> Requirement
Down to the last line, repeat the records exactly.

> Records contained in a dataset
┌────────

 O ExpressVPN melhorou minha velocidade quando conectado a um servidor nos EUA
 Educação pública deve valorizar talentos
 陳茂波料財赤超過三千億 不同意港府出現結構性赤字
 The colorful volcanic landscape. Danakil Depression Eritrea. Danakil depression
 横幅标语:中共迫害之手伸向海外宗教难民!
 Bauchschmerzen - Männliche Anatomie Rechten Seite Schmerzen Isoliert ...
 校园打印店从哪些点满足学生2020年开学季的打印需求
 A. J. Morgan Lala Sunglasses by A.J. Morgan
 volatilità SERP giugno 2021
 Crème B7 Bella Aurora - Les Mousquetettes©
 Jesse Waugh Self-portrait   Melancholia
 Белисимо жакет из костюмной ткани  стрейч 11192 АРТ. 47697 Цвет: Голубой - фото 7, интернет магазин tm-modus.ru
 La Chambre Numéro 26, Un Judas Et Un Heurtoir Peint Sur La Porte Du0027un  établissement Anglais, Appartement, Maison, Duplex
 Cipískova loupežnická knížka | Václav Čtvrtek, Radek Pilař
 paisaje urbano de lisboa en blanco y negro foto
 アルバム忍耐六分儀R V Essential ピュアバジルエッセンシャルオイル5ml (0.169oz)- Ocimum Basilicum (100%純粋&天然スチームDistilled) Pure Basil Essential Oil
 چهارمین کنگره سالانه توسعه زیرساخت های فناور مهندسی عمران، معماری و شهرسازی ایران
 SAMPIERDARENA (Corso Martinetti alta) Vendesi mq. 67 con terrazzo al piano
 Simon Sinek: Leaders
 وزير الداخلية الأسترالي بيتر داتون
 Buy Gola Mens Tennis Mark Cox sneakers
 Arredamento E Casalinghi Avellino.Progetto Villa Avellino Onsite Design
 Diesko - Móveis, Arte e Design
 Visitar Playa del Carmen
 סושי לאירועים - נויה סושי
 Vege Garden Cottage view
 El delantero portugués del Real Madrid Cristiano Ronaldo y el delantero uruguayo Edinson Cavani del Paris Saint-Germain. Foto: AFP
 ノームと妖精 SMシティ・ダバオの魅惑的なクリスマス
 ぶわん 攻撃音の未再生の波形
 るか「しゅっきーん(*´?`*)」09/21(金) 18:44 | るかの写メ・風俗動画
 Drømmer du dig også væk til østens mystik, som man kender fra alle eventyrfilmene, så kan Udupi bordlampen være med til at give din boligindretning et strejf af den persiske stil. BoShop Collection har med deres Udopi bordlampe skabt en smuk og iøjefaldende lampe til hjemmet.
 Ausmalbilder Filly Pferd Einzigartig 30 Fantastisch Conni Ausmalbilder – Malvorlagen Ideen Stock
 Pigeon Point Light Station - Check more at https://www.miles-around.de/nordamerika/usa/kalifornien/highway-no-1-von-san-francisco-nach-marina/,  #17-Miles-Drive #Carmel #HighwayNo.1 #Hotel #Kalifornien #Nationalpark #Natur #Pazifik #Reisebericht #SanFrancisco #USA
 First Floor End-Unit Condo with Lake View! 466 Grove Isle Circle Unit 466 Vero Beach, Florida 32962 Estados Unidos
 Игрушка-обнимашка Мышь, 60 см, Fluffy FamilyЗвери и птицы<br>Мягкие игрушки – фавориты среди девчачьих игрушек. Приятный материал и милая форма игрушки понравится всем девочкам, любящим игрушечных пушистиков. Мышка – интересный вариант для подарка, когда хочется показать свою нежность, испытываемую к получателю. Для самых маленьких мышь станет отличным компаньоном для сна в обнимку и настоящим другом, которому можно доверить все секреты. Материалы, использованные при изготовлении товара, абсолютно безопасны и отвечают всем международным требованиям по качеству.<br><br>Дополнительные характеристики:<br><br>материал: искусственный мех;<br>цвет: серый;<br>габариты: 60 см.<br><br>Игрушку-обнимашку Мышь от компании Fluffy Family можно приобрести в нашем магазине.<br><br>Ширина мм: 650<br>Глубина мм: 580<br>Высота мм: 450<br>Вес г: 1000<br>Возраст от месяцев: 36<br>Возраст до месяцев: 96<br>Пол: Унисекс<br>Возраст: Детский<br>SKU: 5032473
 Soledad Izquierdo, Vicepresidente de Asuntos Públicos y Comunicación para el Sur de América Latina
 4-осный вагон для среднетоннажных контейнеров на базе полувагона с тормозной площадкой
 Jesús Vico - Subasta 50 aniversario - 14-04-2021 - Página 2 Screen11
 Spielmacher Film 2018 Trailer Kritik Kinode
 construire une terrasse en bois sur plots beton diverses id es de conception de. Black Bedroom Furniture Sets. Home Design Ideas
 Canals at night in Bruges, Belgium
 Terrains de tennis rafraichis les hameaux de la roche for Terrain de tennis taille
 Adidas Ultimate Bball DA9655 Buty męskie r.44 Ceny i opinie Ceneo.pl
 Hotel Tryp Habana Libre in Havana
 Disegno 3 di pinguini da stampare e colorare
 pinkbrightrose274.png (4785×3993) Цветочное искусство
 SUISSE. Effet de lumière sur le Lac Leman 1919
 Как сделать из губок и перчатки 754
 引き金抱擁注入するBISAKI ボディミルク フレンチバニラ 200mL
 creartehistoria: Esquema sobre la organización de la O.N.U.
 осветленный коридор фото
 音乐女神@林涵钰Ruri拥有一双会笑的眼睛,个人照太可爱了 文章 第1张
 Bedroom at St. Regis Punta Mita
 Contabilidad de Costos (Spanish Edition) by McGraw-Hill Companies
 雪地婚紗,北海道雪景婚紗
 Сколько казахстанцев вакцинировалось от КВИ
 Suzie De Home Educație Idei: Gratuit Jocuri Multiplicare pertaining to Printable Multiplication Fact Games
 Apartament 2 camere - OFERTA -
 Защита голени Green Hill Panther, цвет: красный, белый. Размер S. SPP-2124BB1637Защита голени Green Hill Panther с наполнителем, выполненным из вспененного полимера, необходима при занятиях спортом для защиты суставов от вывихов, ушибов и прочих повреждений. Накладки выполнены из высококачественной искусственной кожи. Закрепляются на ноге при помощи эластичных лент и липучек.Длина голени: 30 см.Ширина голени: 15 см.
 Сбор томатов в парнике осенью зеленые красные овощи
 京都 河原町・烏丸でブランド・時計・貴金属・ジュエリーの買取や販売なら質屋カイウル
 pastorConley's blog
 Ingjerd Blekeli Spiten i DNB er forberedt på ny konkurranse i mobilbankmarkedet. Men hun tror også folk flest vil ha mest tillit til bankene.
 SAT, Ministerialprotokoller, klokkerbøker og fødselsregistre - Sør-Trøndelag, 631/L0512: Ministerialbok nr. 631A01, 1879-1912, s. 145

└────────

> Completed task
 O ExpressVPN melhorou minha velocidade quando conectado a um servidor nos EUA
 Educação pública deve valorizar talentos
 陳茂波料財赤超過三千億 不同意港府出現結構性赤字
 The colorful volcanic landscape. Danakil Depression Eritrea. Danakil depression
 横幅标语:中共迫害之手伸向海外宗教难民!
 Bauchschmerzen - Männliche Anatomie Rechten Seite Schmerzen Isoliert ...
 校园打印店从哪些点满足学生2020年开学季的打印需求
 A. J. Morgan Lala Sunglasses by A.J. Morgan
 volatilità SERP giugno 2021
 Crème B7 Bella Aurora - Les Mousquetettes©
 Jesse Waugh Self-portrait   Melancholia
 Белисимо жакет из костюмной ткани  стрейч 11192 АРТ. 47697 Цвет: Голубой - фото 7, интернет магазин tm-modus.ru
 La Chambre Numéro 26, Un Judas Et Un Heurtoir Peint Sur La Porte Du0027un  établissement Anglais, Appartement, Maison, Duplex
 Cipískova loupežnická knížka | Václav Čtvrtek, Radek Pilař
 paisaje urbano de lisboa en blanco y negro foto
 アルバム忍耐六分儀R V Essential ピュアバジルエッセンシャルオイル5ml (0.169oz)- Ocimum Basilicum (100%純粋&天然スチームDistilled) Pure Basil Essential Oil
 چهارمین کنگره سالانه توسعه زیرساخت های فناور مهندسی عمران، معماری و شهرسازی ایران
 SAMPIERDARENA (Corso Martinetti alta) Vendesi mq. 67 con terrazzo al piano
 Simon Sinek: Leaders
 وزير الداخلية الأسترالي بيتر داتون
 Buy Gola Mens Tennis Mark Cox sneakers
 Arredamento E Casalinghi Avellino.Progetto Villa Avellino Onsite Design
 Diesko - Móveis, Arte e Design
 Visitar Playa del Carmen
 סושי לאירועים - נויה סושי
 Vege Garden Cottage view
 El delantero portugués del Real Madrid Cristiano Ronaldo y el delantero uruguayo Edinson Cavani del Paris Saint-Germain. Foto: AFP
 ノームと妖精 SMシティ・ダバオの魅惑的なクリスマス
 ぶわん 攻撃音の未再生の波形
 るか「しゅっきーん(*´?`*)」09/21(金) 18:44 | るかの写メ・風俗動画
 Drømmer du dig også væk til østens mystik, som man kender fra alle eventyrfilmene, så kan Udupi bordlampen være med til at give din boligindretning et strejf af den persiske stil. BoShop Collection har med deres Udopi bordlampe skabt en smuk og iøjefaldende lampe til hjemmet.
 Ausmalbilder Filly Pferd Einzigartig 30 Fantastisch Conni Ausmalbilder – Malvorlagen Ideen Stock
 Pigeon Point Light Station - Check more at https://www.miles-around.de/nordamerika/usa/kalifornien/highway-no-1-von-san-francisco-nach-marina/,  #17-Miles-Drive #Carmel #HighwayNo.1 #Hotel #Kalifornien #Nationalpark #Natur #Pazifik #Reisebericht #SanFrancisco #USA
 First Floor End-Unit Condo with Lake View! 466 Grove Isle Circle Unit 466 Vero Beach, Florida 32962 Estados Unidos
 Игрушка-обнимашка Мышь, 60 см, Fluffy FamilyЗвери и птицы<br>Мягкие игрушки – фавориты среди девчачьих игрушек. Приятный материал и милая форма игрушки понравится всем девочкам, любящим игрушечных пушистиков. Мышка – интересный вариант для подарка, когда хочется показать свою нежность, испытываемую к получателю. Для самых маленьких мышь станет отличным компаньоном для сна в обнимку и настоящим другом, которому можно доверить все секреты. Материалы, использованные при изготовлении товара, абсолютно безопасны и отвечают всем международным требованиям по качеству.<br><br>Дополнительные характеристики:<br><br>материал: искусственный мех;<br>цвет: серый;<br>габариты: 60 см.<br><br>Игрушку-обнимашку Мышь от компании Fluffy Family можно приобрести в нашем магазине.<br><br>Ширина мм: 650<br>Глубина мм: 580<br>Высота мм: 450<br>Вес г: 1000<br>Возраст от месяцев: 36<br>Возраст до месяцев: 96<br>Пол: Унисекс<br>Возраст: Детский<br>SKU: 5032473
 Soledad Izquierdo, Vicepresidente de Asuntos Públicos y Comunicación para el Sur de América Latina
 4-осный вагон для среднетоннажных контейнеров на базе полувагона с тормозной площадкой
 Jesús Vico - Subasta 50 aniversario - 14-04-2021 - Página 2 Screen11
 Spielmacher Film 2018 Trailer Kritik Kinode
 construire une terrasse en bois sur plots beton diverses id es de conception de. Black Bedroom Furniture Sets. Home Design Ideas
 Canals at night in Bruges, Belgium
 Terrains de tennis rafraichis les hameaux de la roche for Terrain de tennis taille
 Adidas Ultimate Bball DA9655 Buty męskie r.44 Ceny i opinie Ceneo.pl
 Hotel Tryp Habana Libre in Havana
 Disegno 3 di pinguini da stampare e colorare
 pinkbrightrose274.png (4785×3993) Цветочное искусство
 SUISSE. Effet de lumière sur le Lac Leman 1919
 Как сделать из губок и перчатки 754
 引き金抱擁注入するBISAKI ボディミルク フレンチバニラ 200mL
 creartehistoria: Esquema sobre la organización de la O.N.U.
 осветленный коридор фото
 音乐女神@林涵钰Ruri拥有一双会笑的眼睛,个人照太可爱了 文章 第1张
 Bedroom at St. Regis Punta Mita
 Contabilidad de Costos (Spanish Edition) by McGraw-Hill Companies
 雪地婚紗,北海道雪景婚紗
 Сколько казахстанцев вакцинировалось от КВИ
 Suzie De Home Educație Idei: Gratuit Jocuri Multiplicare pertaining to Printable Multiplication Fact Games
 Apartament 2 camere - OFERTA -
 Защита голени Green Hill Panther, цвет: красный, белый. Размер S. SPP-2124BB1637Защита голени Green Hill Panther с наполнителем, выполненным из вспененного полимера, необходима при занятиях спортом для защиты суставов от вывихов, ушибов и прочих повреждений. Накладки выполнены из высококачественной искусственной кожи. Закрепляются на ноге при помощи эластичных лент и липучек.Длина голени: 30 см.Ширина голени: 15 см.
 Сбор томатов в парнике осенью зеленые красные овощи
 京都 河原町・烏丸でブランド・時計・貴金属・ジュエリーの買取や販売なら質屋カイウル
 pastorConley's blog
 Ingjerd Blekeli Spiten i DNB er forberedt på ny konkurranse i mobilbankmarkedet. Men hun tror også folk flest vil ha mest tillit til bankene.
 SAT, Ministerialprotokoller, klokkerbøker og fødselsregistre - Sør-Trøndelag, 631/L0512: Ministerialbok nr. 631A01, 1879-1912, s. 145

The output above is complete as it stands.